Beyond our individual experiences with grief and healing---Facebook has become a community in itself, creating a way to memorialize those who have died. Two of my “current” Facebook friends are people who have passed away. Their profiles remain places where friends and family leave notes---sharing life updates, memories, or simply typing “I miss you.” In a world where visiting gravesites may not be practical, the online memorial space may bring us closer together.  In her blog post, Online Mourning and The Unexpected Refuge of Facebook, Cheri Lucas (another Equals Record writer) discusses her experience with a friend’s death;

“A few hours after receiving the news, I wrote something and shared it as a Facebook note. I posted scanned photos from college—precious moments of youth, debauchery, and experiences I had never shared publicly—from nearly 15 years ago: onto his profile, our friends’ profiles, and my timeline. I sat in front of my computer, clicking on photos people tagged of him: images that conjured memories, that stunned and confused me, that made me feel grateful for knowing him, that devastated me because I realized I didn’t know the man he had become.

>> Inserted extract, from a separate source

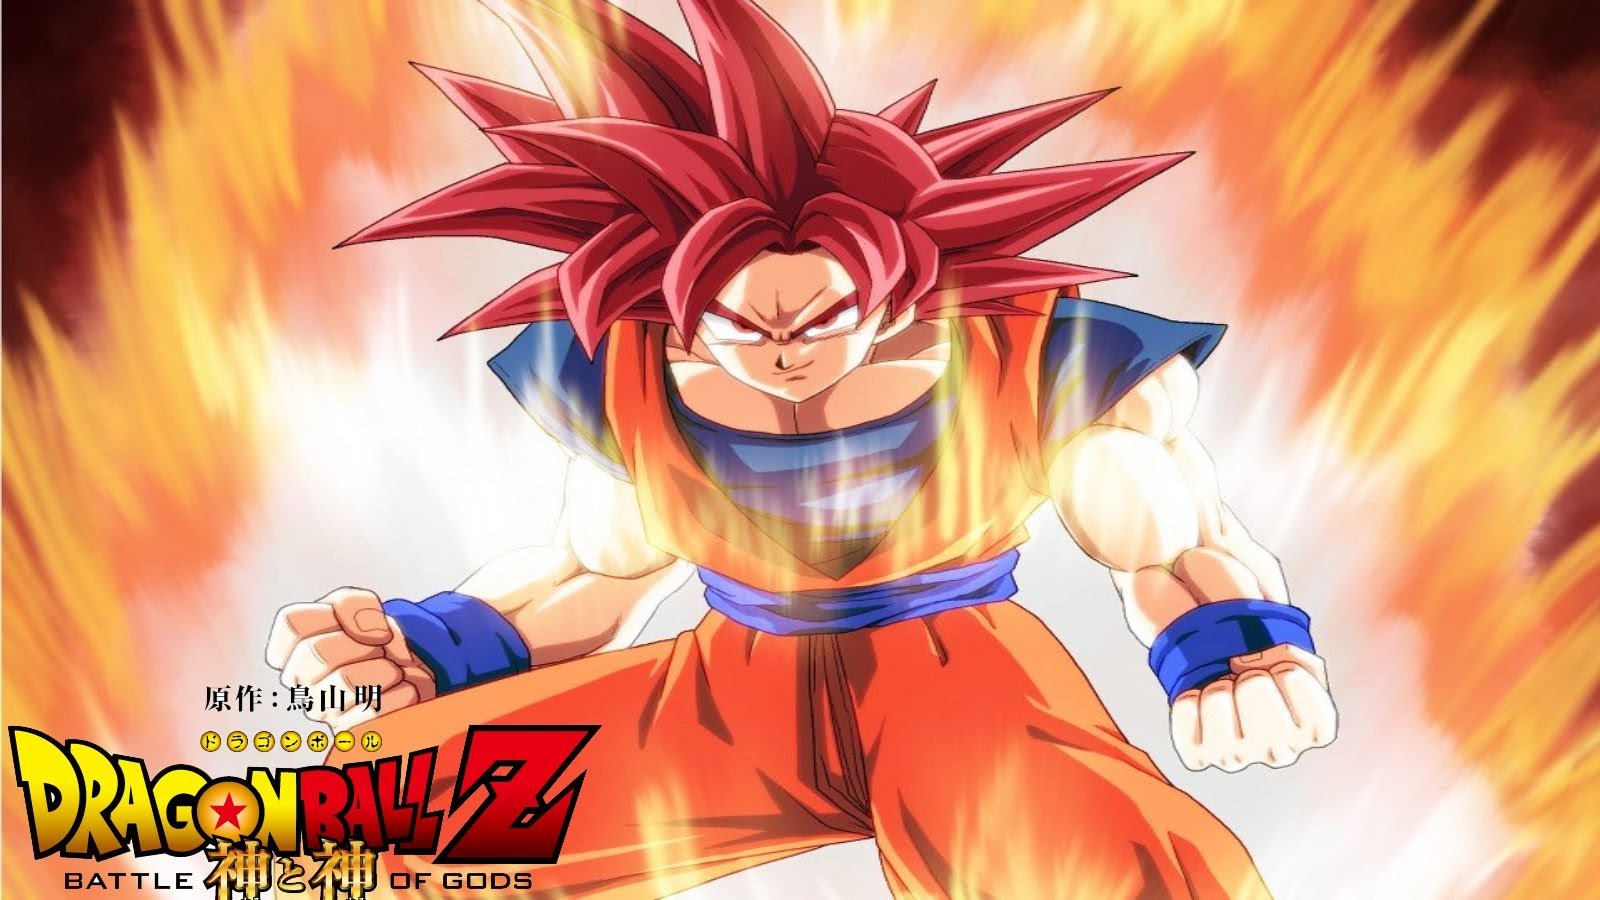 Gods Super Saiyan God Goku New Battle Of Series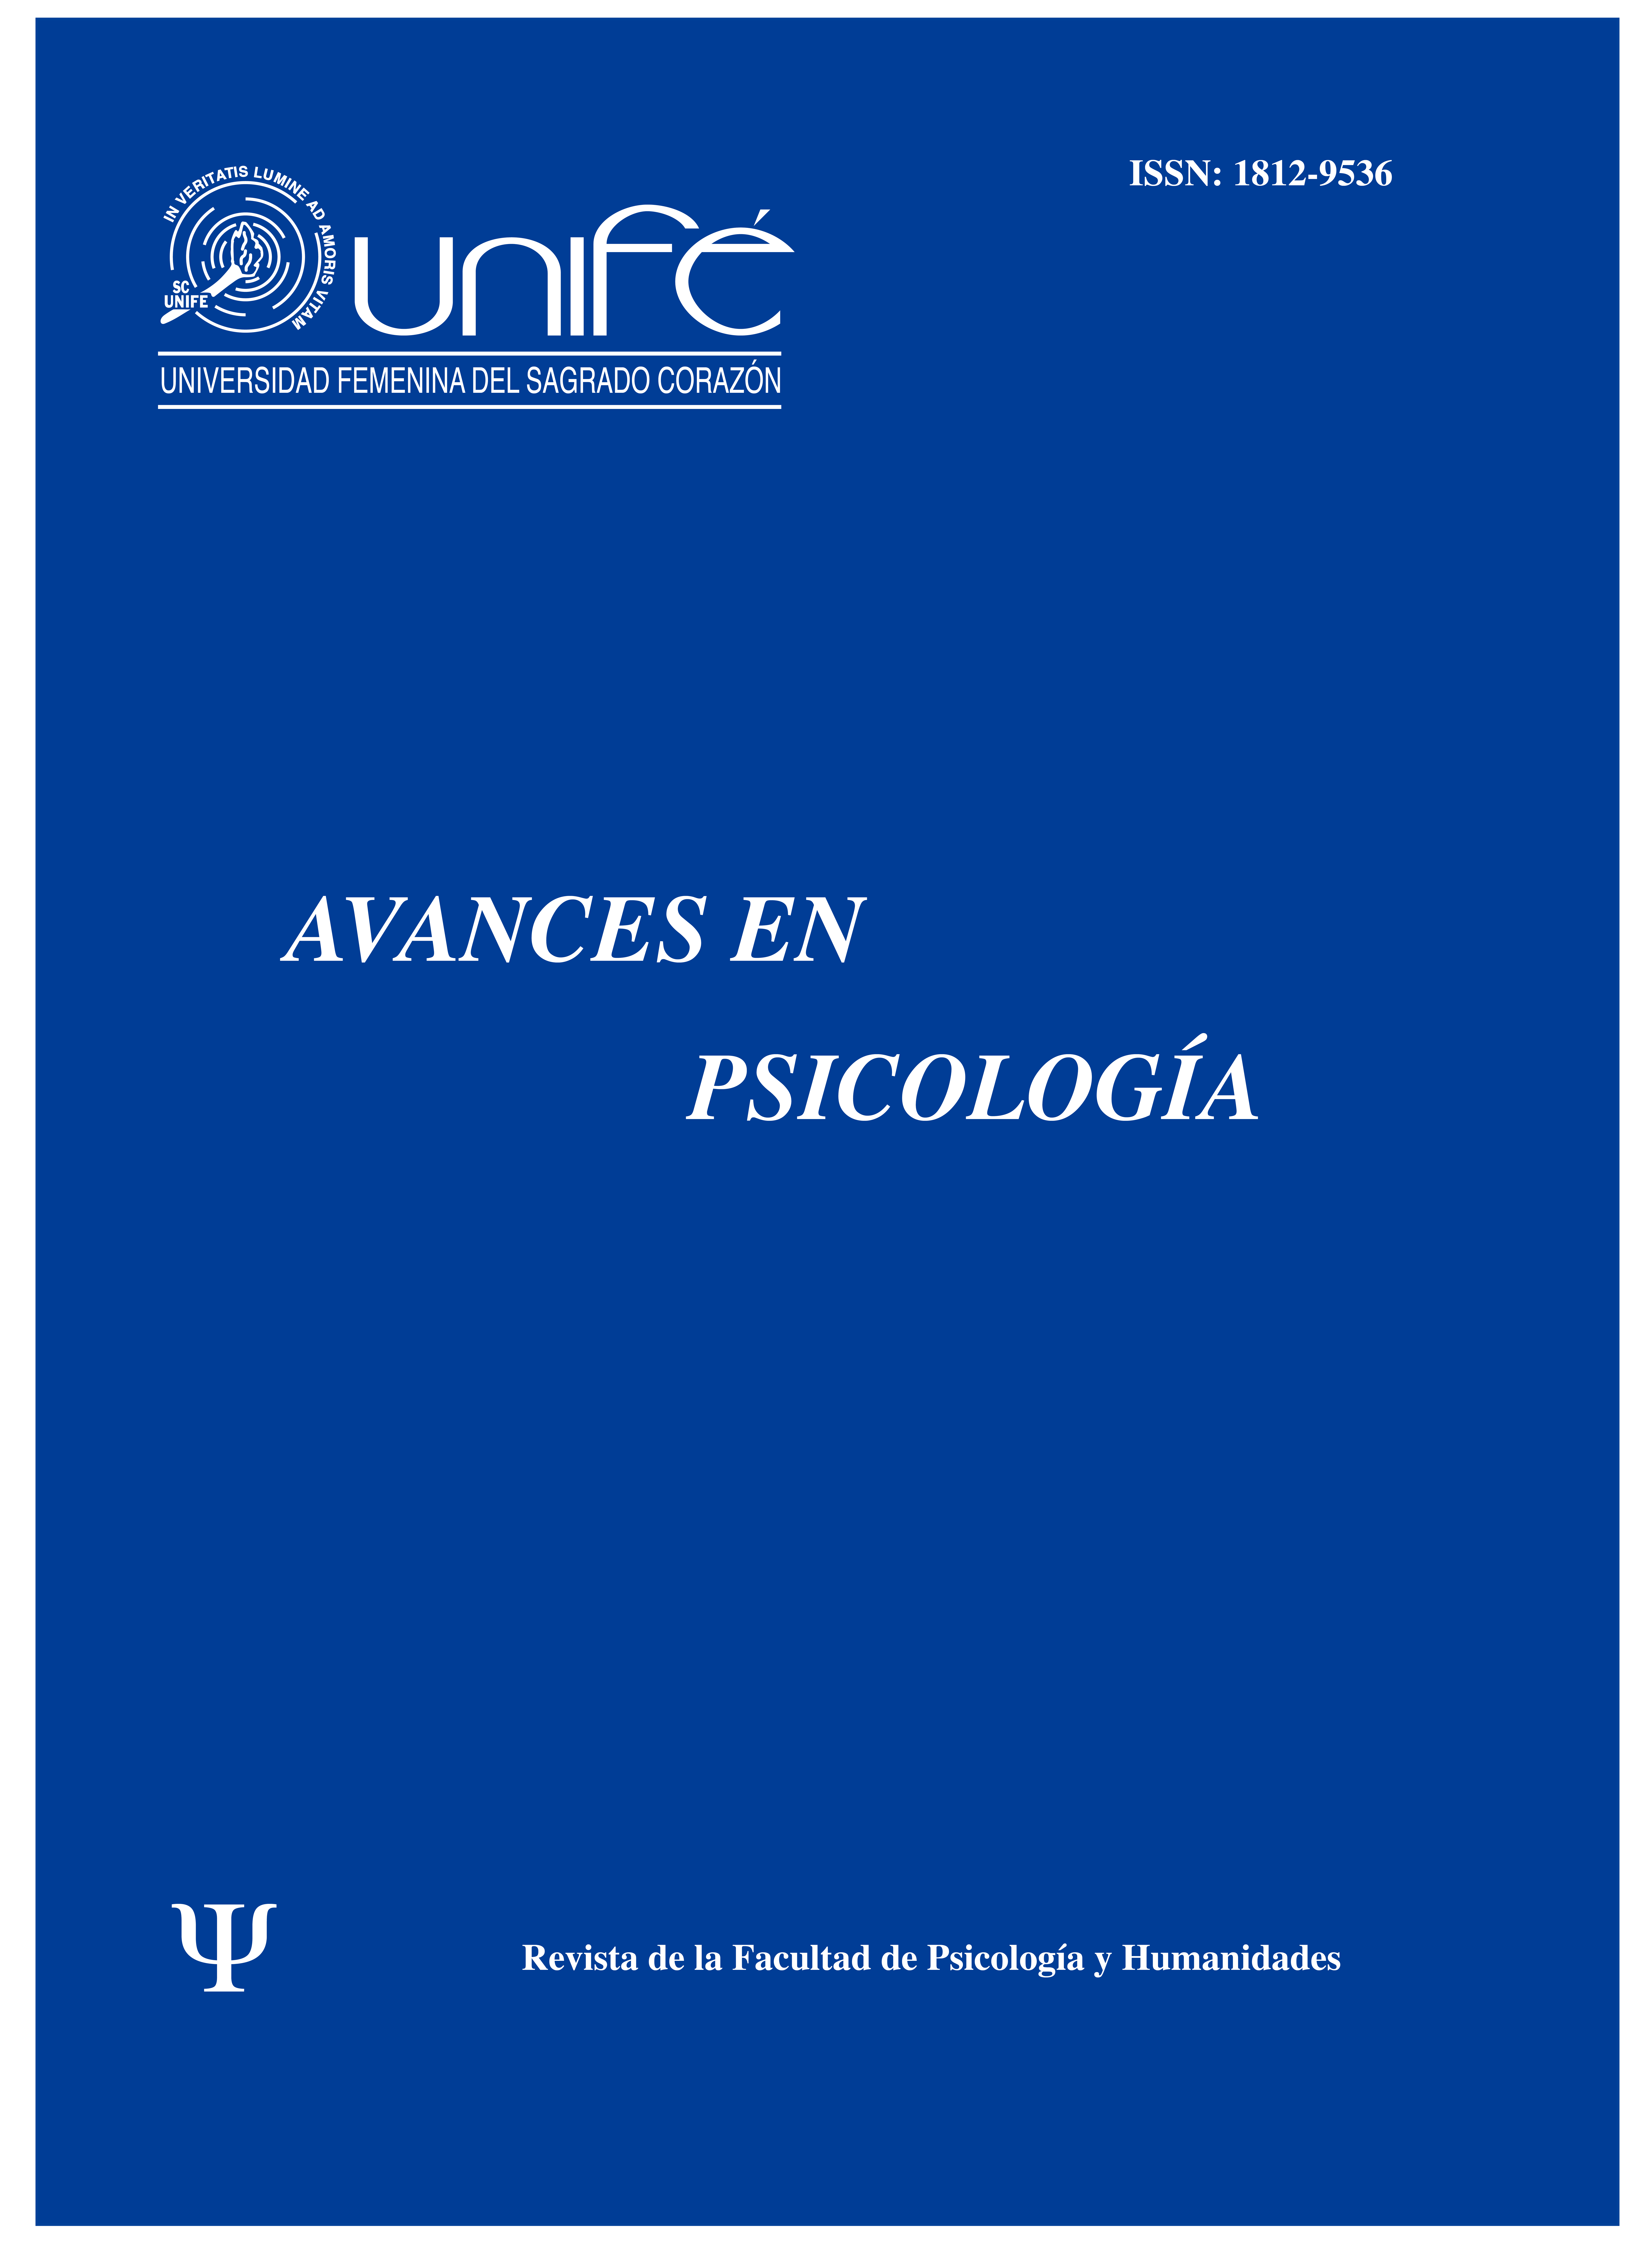 					Ver Vol. 21 Núm. 1 (2013): Avances en Psicología: Revista de la Facultad de Psicología y Humanidades

Alone, I sobbed. Yet I sobbed with Facebook open—his life revealed and exposed in bits on my screen, his friends spilling tears on his profile. I sobbed at home, by myself, but also with everyone else. I had never given in to the community of Facebook until that moment. For the first time, its communal space had comforted me.”

The possibilities of online spaces to bring us together are endless, we can share memories of those who have died, sharing our own healing processes, and of course, share our joys. Yet, as Wortham also notes, we don’t yet know the outcomes of creating online communities that don’t support the whole breadth of human emotions. However, we should trend towards sharing our authentic selves, our whole journeys---and in return, we should support others who do just that---comment on posts people share about those they have lost, about their difficult moments---engaging with the full spectrum of emotions, will only make the blissful moments stronger.

Much of my community is online, thus my grieving and healing cannot be completely separate. However, as with all pieces of grieving, this is personal---and we will each have to carve out how we interact with our online spaces. Yet, striving to make these spaces open to deeper human interaction, will only bring us closer to each other, and as a community---closer to healing.